July 7, 2011

Matter of Countrywide Ins. Co. v DHD Med., P.C. (2011 NY Slip Op 05864)

Headnote

The court considered whether a medical services provider, DHD Medical, P.C., was fraudulently incorporated and therefore ineligible for reimbursement of no-fault insurance benefits, and precluded from demanding arbitration. The main issue was whether the defense of fraudulent incorporation was for the arbitrator and not the courts. The court held that the defense of fraudulent incorporation is for the arbitrator and not the courts, and has been the subject of numerous arbitration proceedings. Therefore, the court affirmed the order denying the petition to stay arbitration of claims for no-fault insurance benefits and granting respondent's cross motion to dismiss the proceeding.

Reported in New York Official Reports at Matter of Countrywide Ins. Co. v DHD Med., P.C. (2011 NY Slip Op 05864)

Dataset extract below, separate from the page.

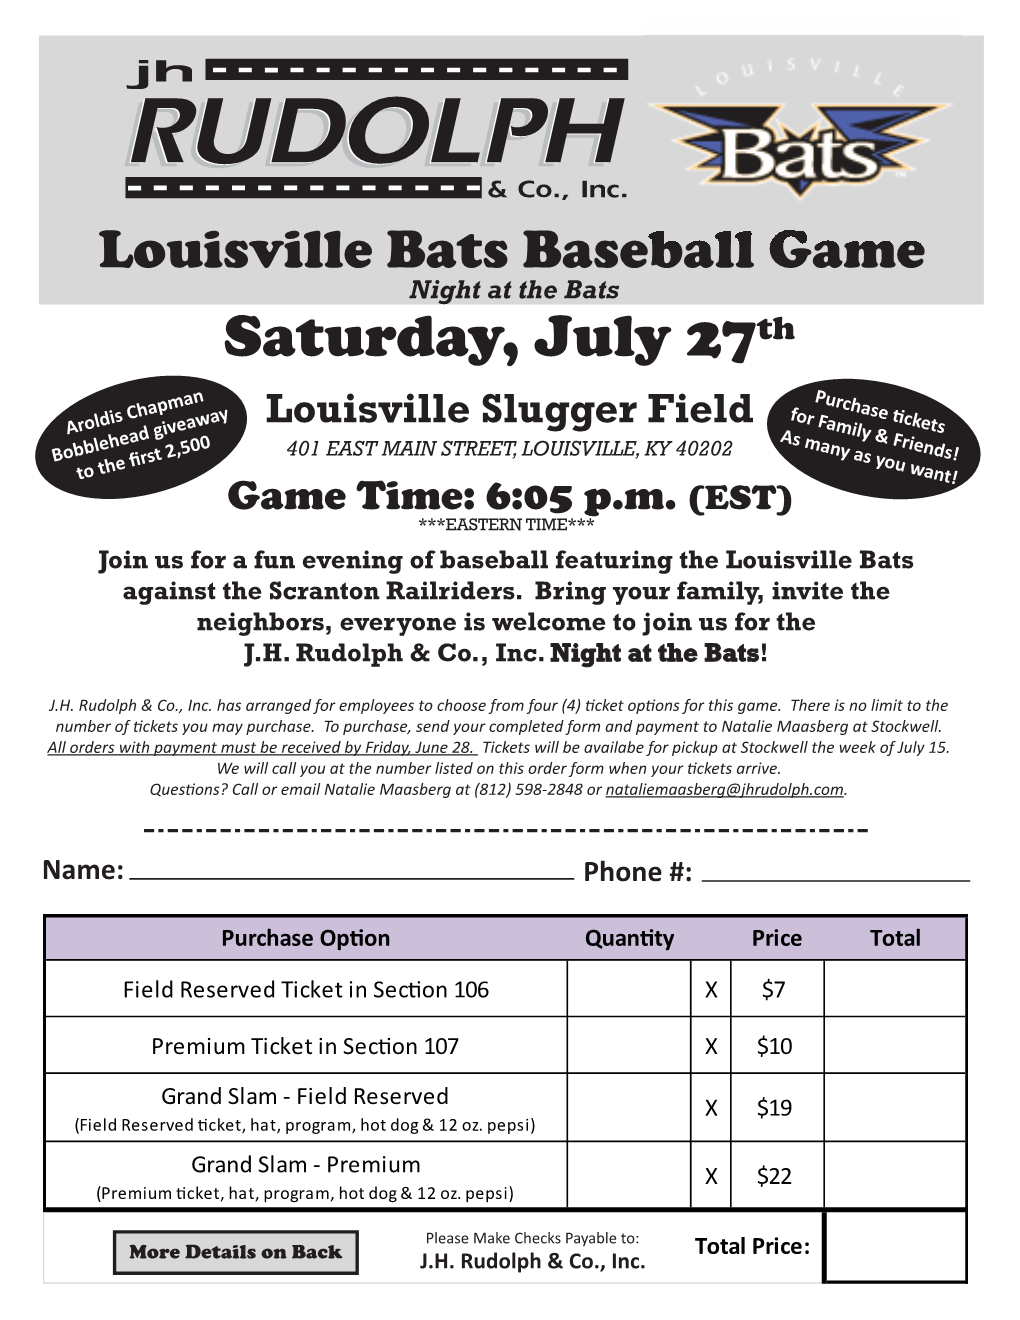 JHR Louisville Bats Employee Game Night Saturday, July 27 2013

Matter of Countrywide Ins. Co. v DHD Med., P.C. (2011 NY Slip Op 05864)
Matter of Countrywide Ins. Co. v DHD Med., P.C.
2011 NY Slip Op 05864 [86 AD3d 431]
July 7, 2011
Appellate Division, First Department
Published by New York State Law Reporting Bureau pursuant to Judiciary Law § 431.
As corrected through Wednesday, August 31, 2011
In the Matter of Countrywide Insurance Company, Appellant,
v
DHD Medical, P.C., Respondent.

[*1] Thomas Torto, New York, for appellant.

Ruskin Moscou Faltischek, P.C., Uniondale (Matthew F. Didora of counsel), for respondent.

Order, Supreme Court, New York County (Marylin G. Diamond, J.), entered November 30, 2010, which denied the petition to stay arbitration of claims for no-fault insurance benefits and granted respondent’s cross motion to dismiss the proceeding, unanimously affirmed, with costs.

Petitioner argues that respondent is a fraudulently incorporated medical services provider and therefore is not only ineligible for reimbursement of no-fault payments (see State Farm Mut. Auto. Ins. Co. v Mallela, 4 NY3d 313 [2005]) but is also precluded from demanding arbitration pursuant to Insurance Law § 5106 (b) (and the no-fault policy issued by petitioner). Contrary to this argument, the defense of fraudulent incorporation is “for the arbitrator and not for the courts” (see Matter of Nassau Ins. Co. v McMorris, 41 NY2d 701, 701 [1977]; Matter of MVAIC v Interboro Med. Care & Diagnostic PC, 73 AD3d 667 [2010]). Indeed, it has been the subject of numerous arbitration proceedings (see e.g. State Farm Mut. Auto. Ins. Co. v Kissena Med. Imaging, P.C., 25 Misc 3d 1214[A], 2009 NY Slip Op 52094[U] [2009]; Uptodate Med. Serv., P.C. v State Farm Mut. Auto. Ins. Co., 22 Misc 3d 128[A], 2009 NY Slip Op 50046[U], *2 [2009]).

We have considered plaintiff’s remaining contentions and find them unavailing. Concur—Andrias, J.P., Sweeny, Renwick, Freedman and Manzanet-Daniels, JJ.